In the jurisdiction of the Servicio Penitenciario Federal (SPF), La Penitenciaría Nacional was an imposing building on Las Heras Avenue (named in memoriam of Gral. Juan Gregorio de Las Heras), in the Palermo neighborhood of Buenos Aires, Argentina, until it was demolished in 1962.

==National penitentiary==
The city called for "Plans and Budgets for the Construction of a Jail Building", in 1869 by decree, with the penal standards of the time; the attempt was to fulfill the constitutional rules of 1853: Art. 18. This, a system of humiliating repression, was the model for the time, with prisoners who were worked hard and didn't have uniforms.

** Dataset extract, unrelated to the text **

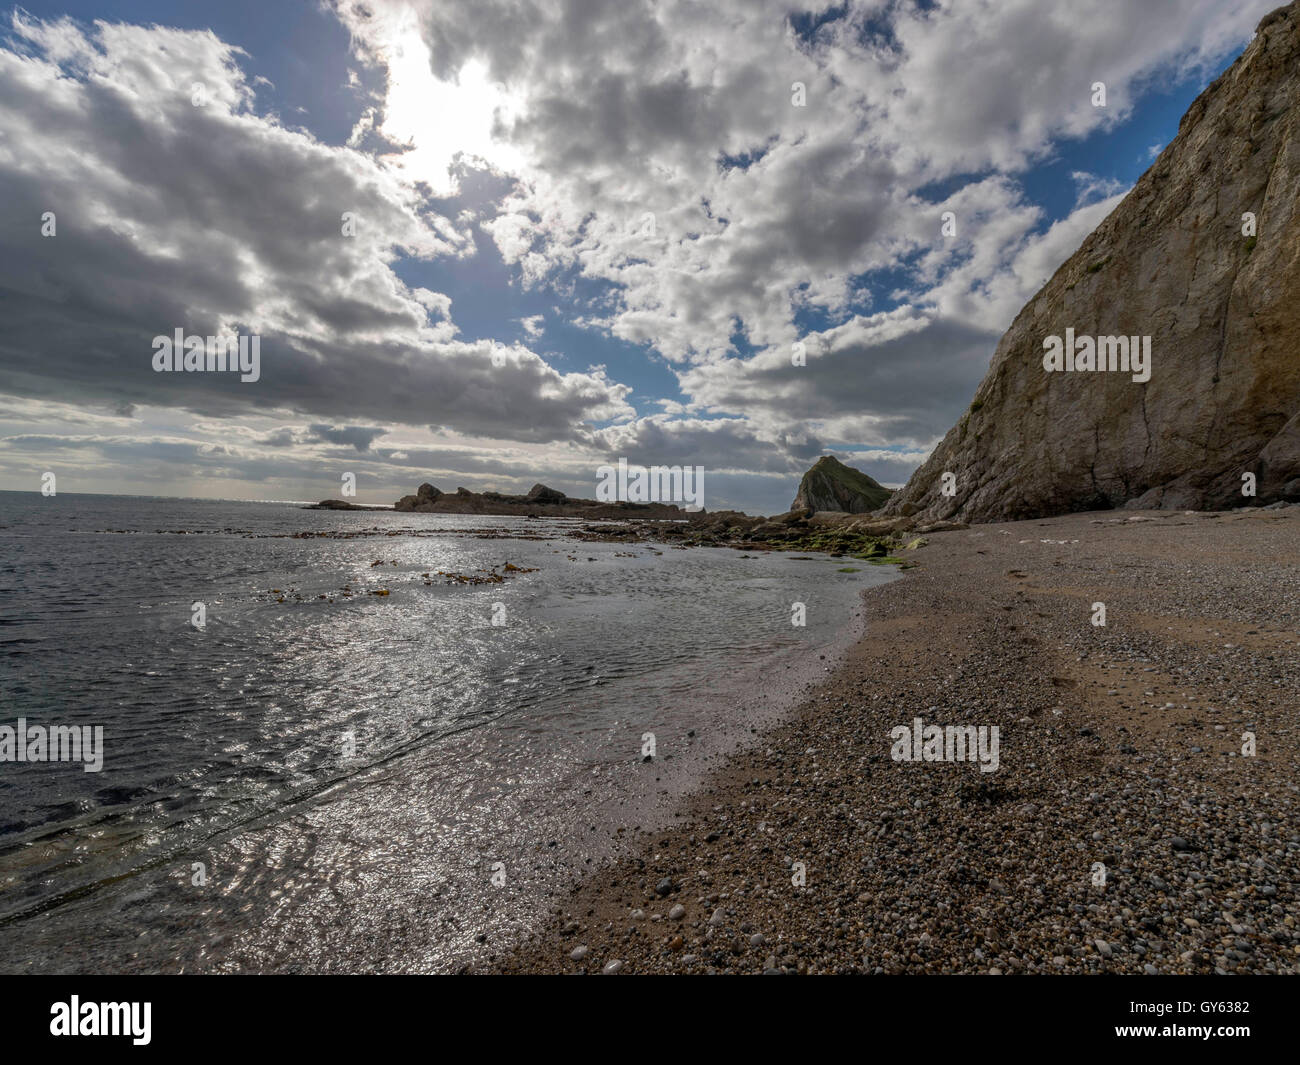 Landscape depicting the rocky Man O'War shoreline on fine summer day with Durdle Door headland in the background. Stock Photo

Construction began in 1872 with the plans of the architect Ernesto Bunge. The design of the prison was modelled after England's Pentonville Prison. Construction was finished in 1877. A penitentiary regime system and a plan for working the prisoners were adopted and officers were hired. Enrique O´Gorman was the “Governor of the Penitentiary” and was independent of Judicial Power. It was inaugurated on 28 of May 1877, with one disguised opening. This “medieval castle” was filled with 300 prisoners who had overpopulated the Town hall Penitentiary. Geographically, the Penitentiary was in the Province of Buenos Aires. Its walls were punctuated with towers and sentry boxes for prison guards. It was in a smooth ravine, with an iron gate.

==Prison management==

- In one area: offices of the governor, courtrooms with other offices.
- In another area: main entrance of the penitentiary; administration; prison entrance hall.
- Cellular system: cells distributed on two floors; an attic with a kitchen and laundry facilities; a chapel in the center of the hallway system, placed so that all prisoners could reach it with ease; and gardens for gardening work. Its structure and conception were designed for security; the pavilions were located in two floors centered in a strategic observation post. The system was: nighttime isolation in individual cells, morning work in factories, and rest on patios, with strict silence. In each cell were two lists of rules: "Reglas para el Preso" (rules for the prisoner), with disciplinary punishments, and "Instrucción para el Arreglo de la Celda" (instruction for the maintenance of the cell”).
There were two categories of inmates: penados (convicts) and encausados (defendants). The state of living in the penitentiary was improved under the direction of Antonio Ballvé, between 1904 and 1909. He asked that José Ingenieros visit the prison and study its system. He studied the prisoners and their physical characteristics, a system of reward and punishment was set up, and the silence regime was eliminated. With time the norms were made flexible; visits to intimates began, the visitor was allowed to say their name to the prisoners, and the shackles and striped uniforms ceased to exist under the direction of Roberto Pettinato, in the government of Juan Perón. The patios were made into orchards. It had a factory to supply to the penitentiary and other public institutions.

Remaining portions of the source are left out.